From the Society of Children with Mucopolysaccharidosis and Diseases Relate web site http://www.mps.sart.pl/htm/en_text/index.php?dzial=mps_3_b#whatc)
"Sanfilippo syndrome affects children differently, and its progress will be faster in some than in others. Babies usually show no signs of the disorder, but symptoms start to appear from 2 to 6 years of age. Change will usually be very gradual and, therefore, easier to adjust to. The disorder tends to have three main stages, if untreated.
"The first stage, during the child's preschool years, may be a very frustrating one for the parents. They may begin to worry as their child starts to lag behind their friends' children in development, and they may feel they are being blamed for the child's overactive and difficult behavior. Diagnosis is often made very late, as some children do not look abnormal, and their symptoms are very nonspecific with little evidence to suggest a storage disorder. The doctor has to be perceptive enough to recognize that something is seriously wrong and ask for urine and blood tests to help reach a diagnosis. It is not unusual for families to have had one or more affected children before diagnosis is established.

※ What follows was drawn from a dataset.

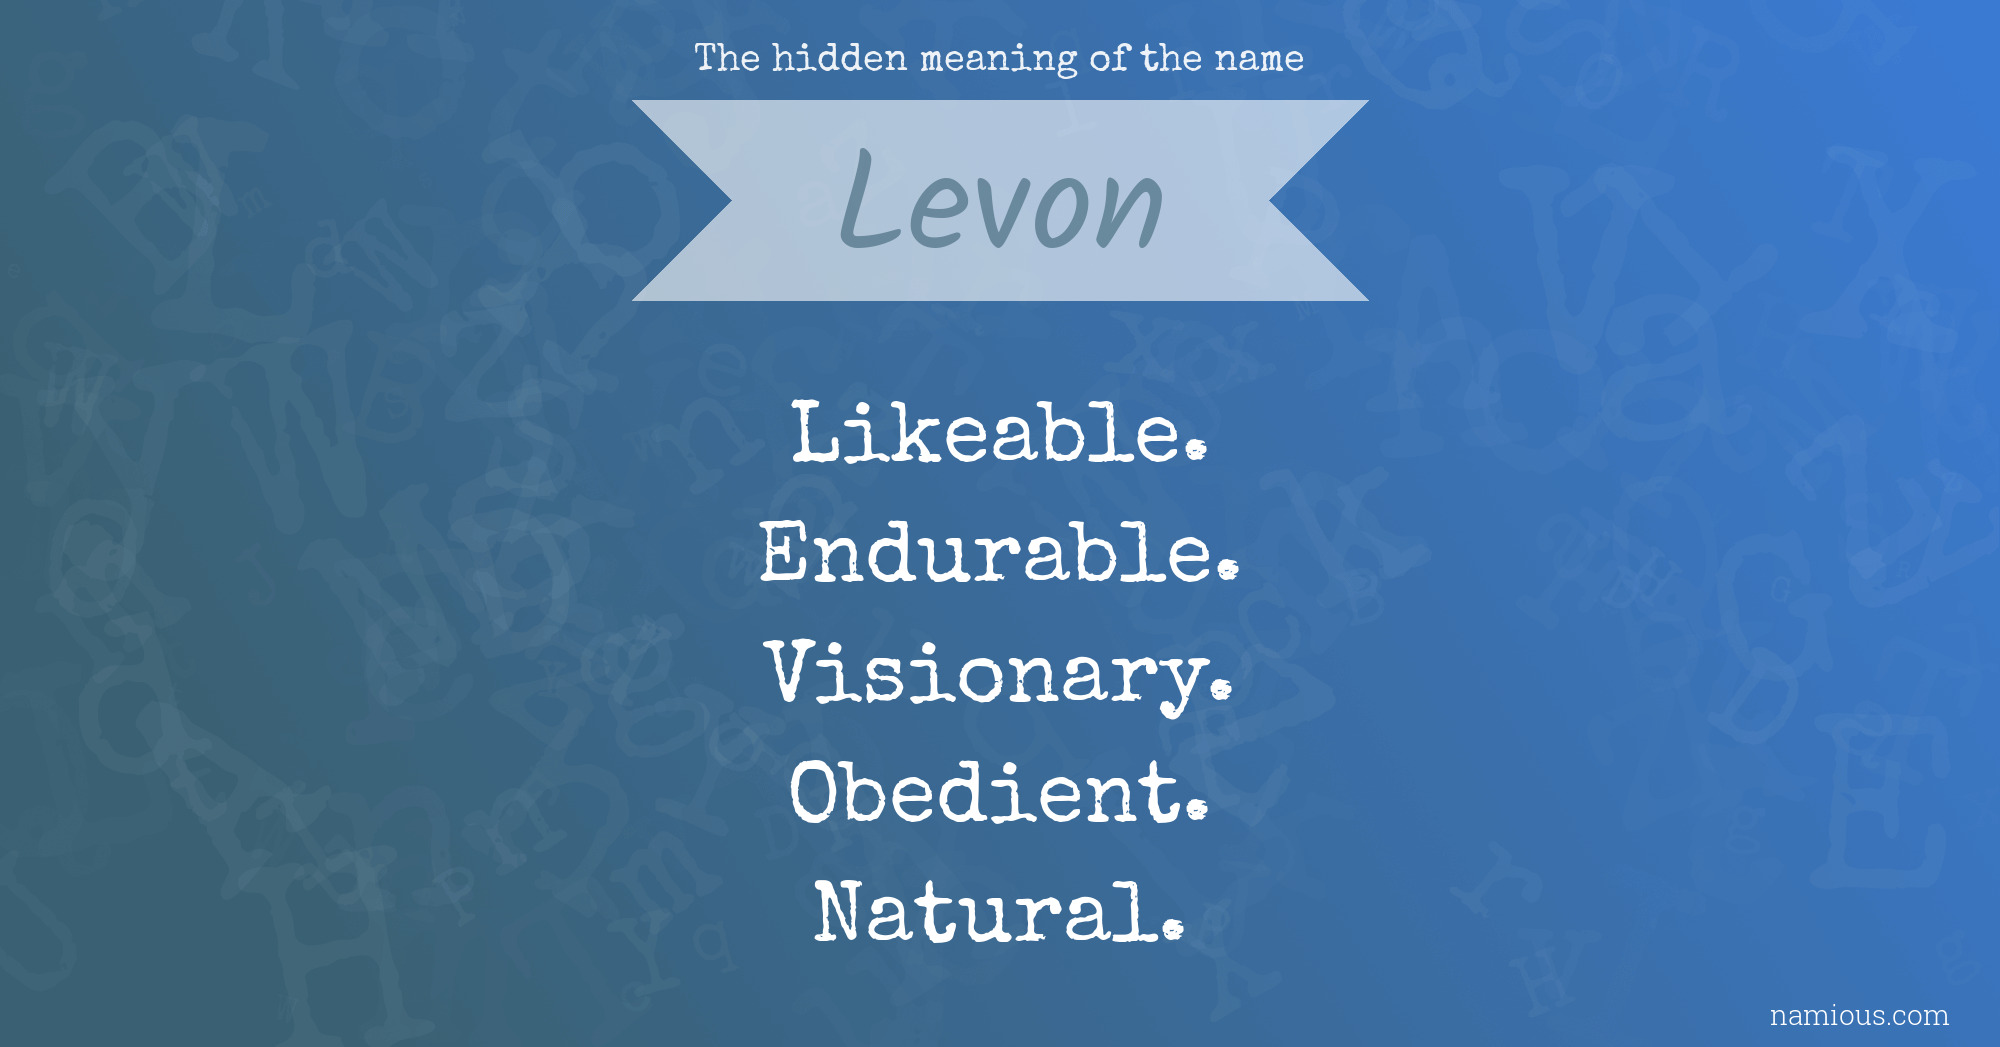 The hidden meaning of the name Levon

"The second phase of the disorder is characterized by extreme activity, restlessness, and often very difficult behavior. Some children sleep very little at night. Many will get into everything. Sadly, language and understanding will gradually be lost, and parents may find it hard not being able to have a conversation with their child. Some children never become toilet trained, and those who do will eventually lose this ability.

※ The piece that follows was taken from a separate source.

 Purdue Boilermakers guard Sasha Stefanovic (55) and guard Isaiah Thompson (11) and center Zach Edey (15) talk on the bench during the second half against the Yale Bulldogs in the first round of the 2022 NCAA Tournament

"In the third phase of the disorder, children with Sanfilippo syndrome begin to slow down. They become more unsteady on their feet, tending to fall frequently as they walk or run. Eventually they lose the ability to walk. Life may be more peaceful in some ways, but parents will need help with the physically tiring task of caring for an immobile child or teenager with severe developmental delay."
From the Society of Children with Mucopolysaccharidosis and Diseases Relate web site http://www.mps.sart.pl/htm/en_text/index.php?dzial=mps_3_b#whatc)
Frankie was transplanted at Duke University Medical Center, June 30, 2005. At that point in time, Duke had performed nine umbilical stem cell transplants for MPS III Type A children.
Frankie received a 4 of 6 donor match and had surgery to have two cardiac catheters placed in his chest before chemotherapy began. Chemotherapy is done to stop the reproduction of his own bone marrow and allowed his body to accept the donor umbilical stem cell blood.
On transplant day, (generically called, "Day 0"), Frankie's immune system began its recovery. During this time, he was in the hospital, recovering. His tests have always come back as 100% donor, so the doctors deem that a successful transplant. That being said, Frankie should be able to continue develop physically. Unfortunately, there haven't been enough transplants to determine if the "good" blood cells can break the "blood brain barrier." This means that there's no proof that the transplant will help his mental development. There's no proof, but there's always hope.